Initially, the ownership of Saxo Fintech was equally divided between the two companies. However, with the completion of the sale, pending regulatory approval, Geely Holding Group will assume full control over the venture.

Saxo Bank decided to get rid of its stake in the RegTech firm after conducting a diligent evaluation and strategic assessment. Consequently, Geely will acquire all the shares previously held by Saxo Bank in Saxo Fintech.

“As part of this transaction, Saxo Bank will receive its shares in exchange, representing approximately 2% of the total outstanding Saxo Bank shares,” stated the fully regulated and licensed Danish bank in an official statement.

The sale will also impact the existing ownership structure of Saxo Bank, a provider of online trading and investment services to both retail and institutional clients. While Geely will remain the majority owner of the Danish multi-asset broker, its stake will be reduced from 52% to 49.88%.

Moreover, Saxo Bank’s CEO, Kim Fournais, will own 28.90% of the bank, while Finnish insurance company Sampo will retain 19.83%. Minority shareholders will maintain a 2.20% ownership of the company.
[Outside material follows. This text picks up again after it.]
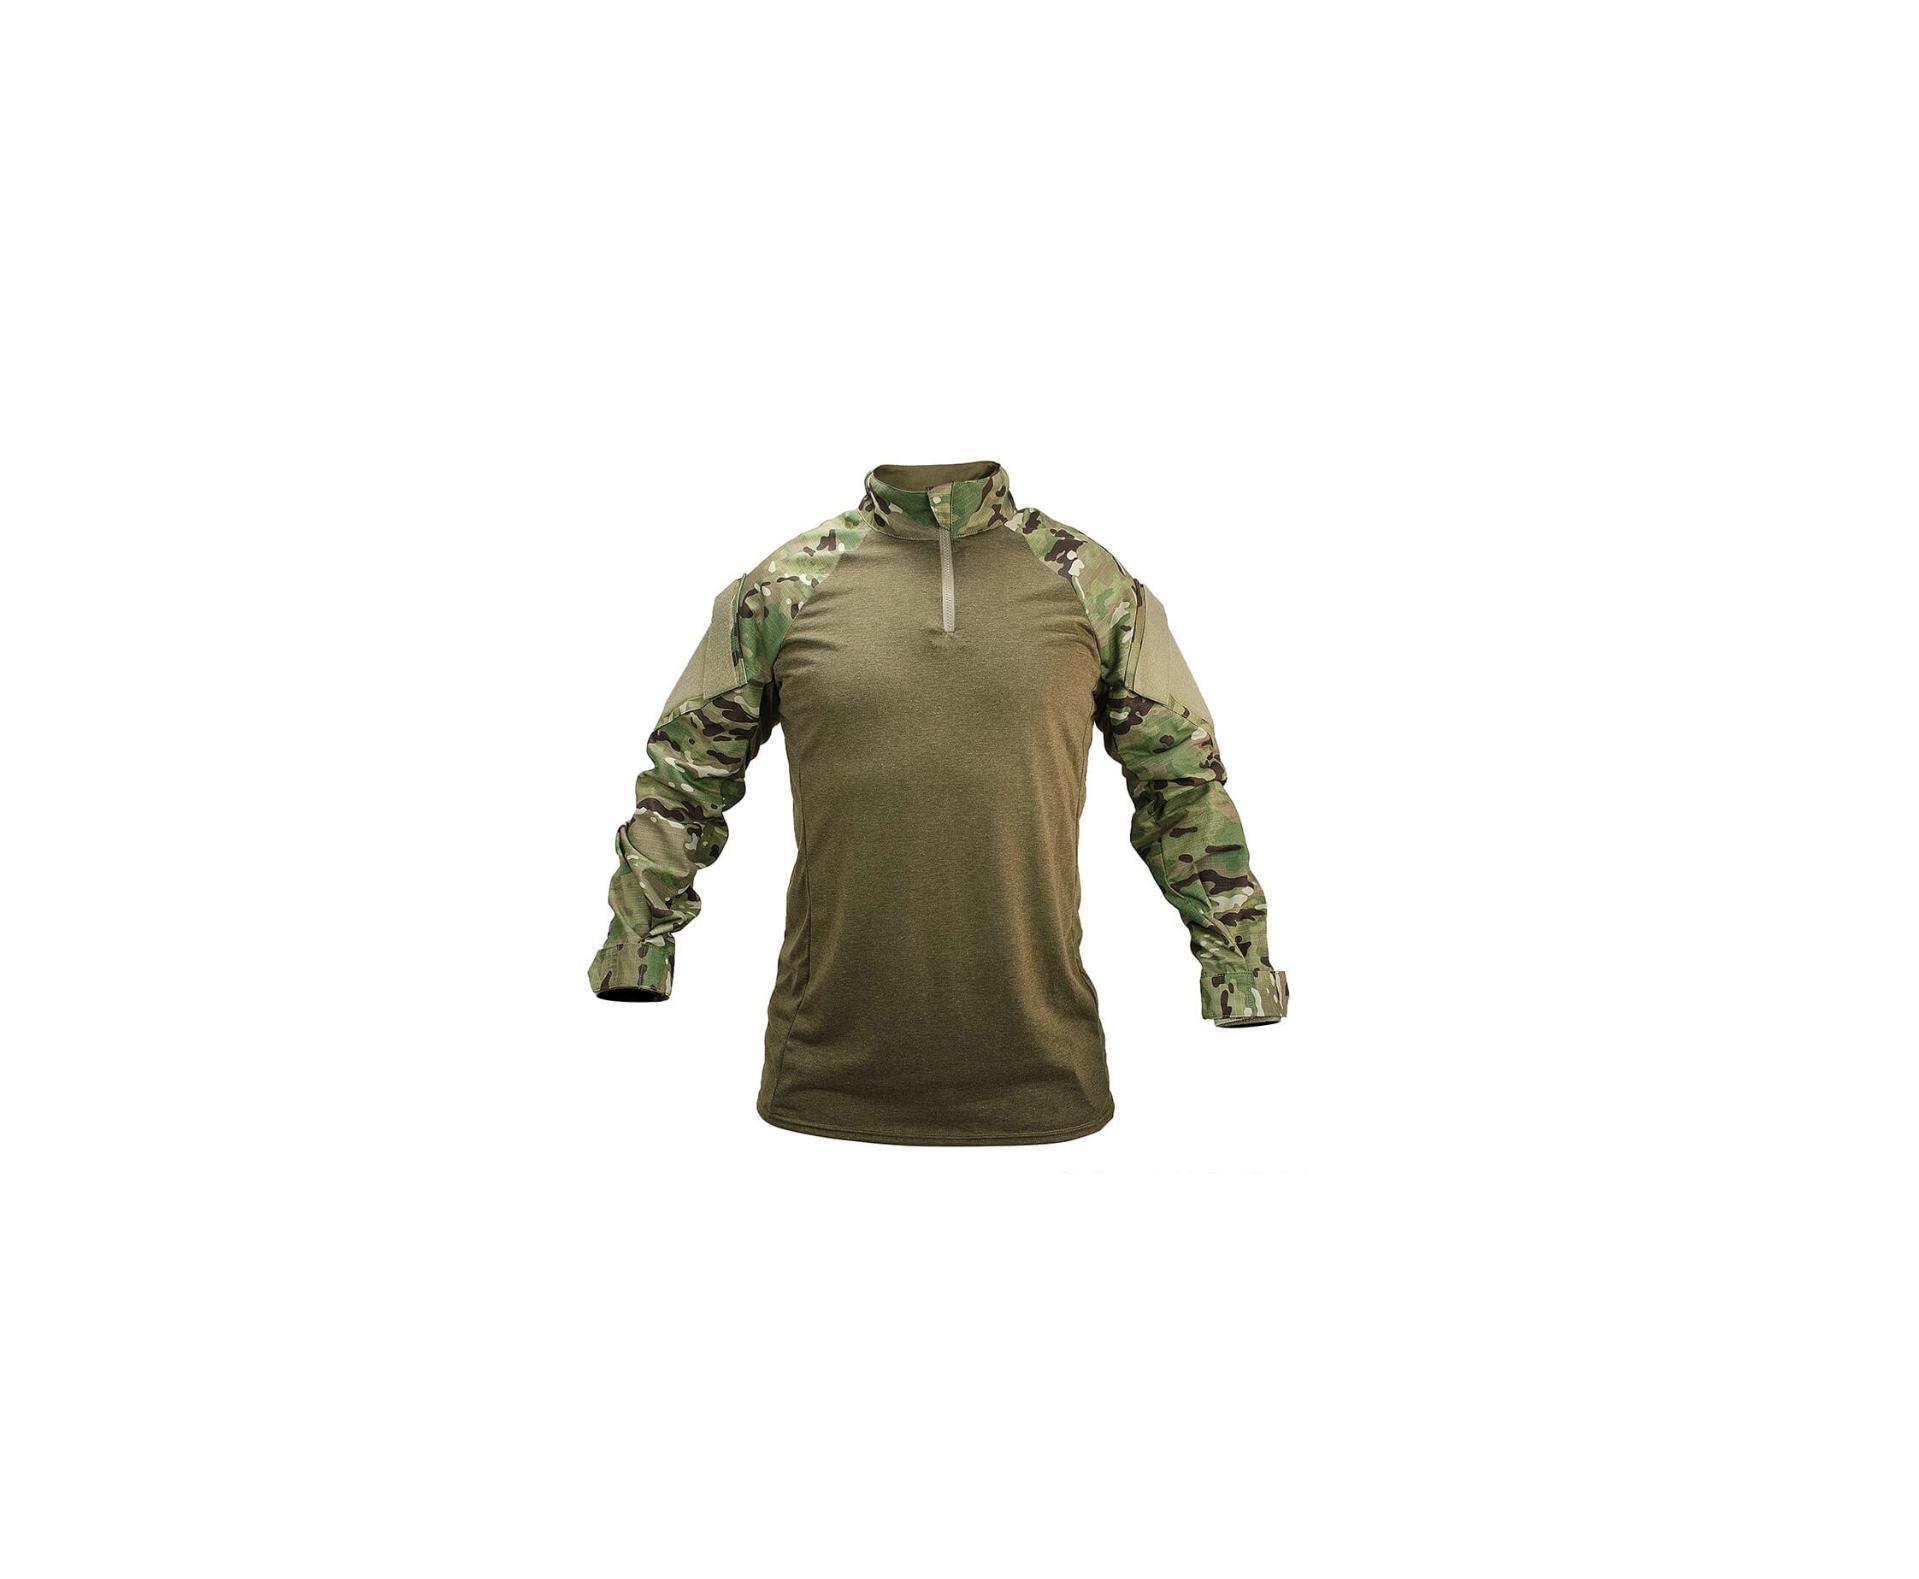 Camisa De Combate For Honor Adulto Poliester 711 Camuflado Multicam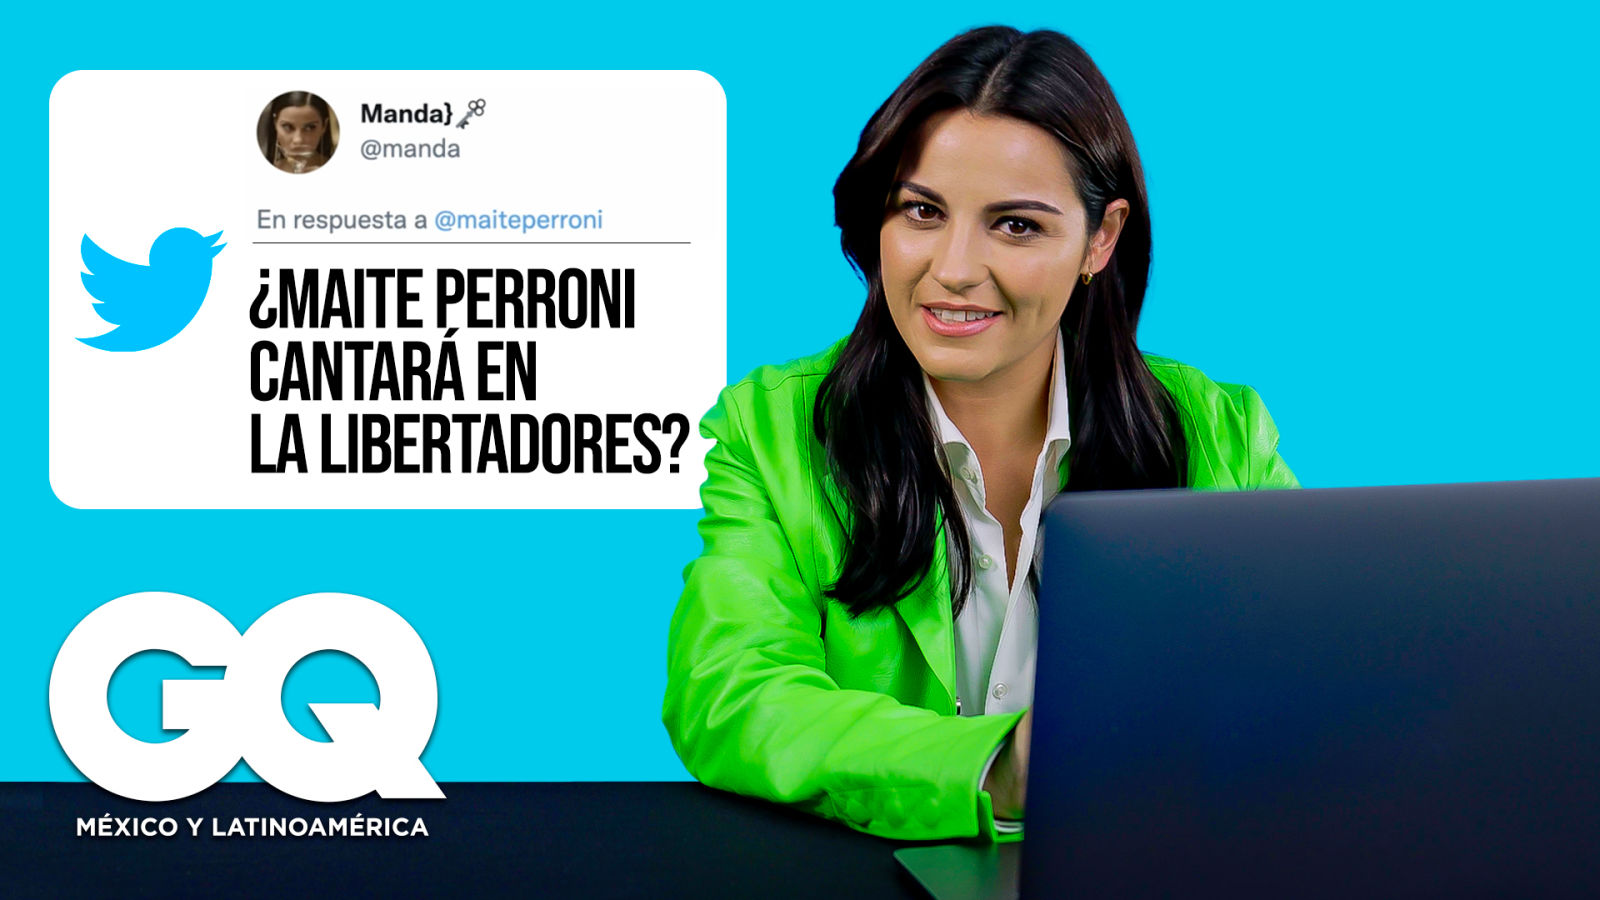 Maite Perroni entra de encubierta a Internet para contestar preguntas

These changes in ownership reflect the evolving dynamics within Saxo Bank’s ownership composition.

Saxo Raised Standard

Amidst a remarkable fivefold growth in client assets over the past five years, reaching a significant milestone of surpassing $100 billion, Saxo Bank has decided to divest its stake in Saxo Fintech. The online trading platform provider also achieved a record-breaking achievement by attracting one million clients to its platform.

The firm emphasized that the decision to divest is aligned with its unwavering dedication to optimizing business operations and prioritizing its core markets and valued clients. This strategic move reflects Saxo Bank’s ongoing commitment to refine its business approach, streamline operations, and concentrate resources on serving its primary markets and meeting the evolving needs of its esteemed clientele.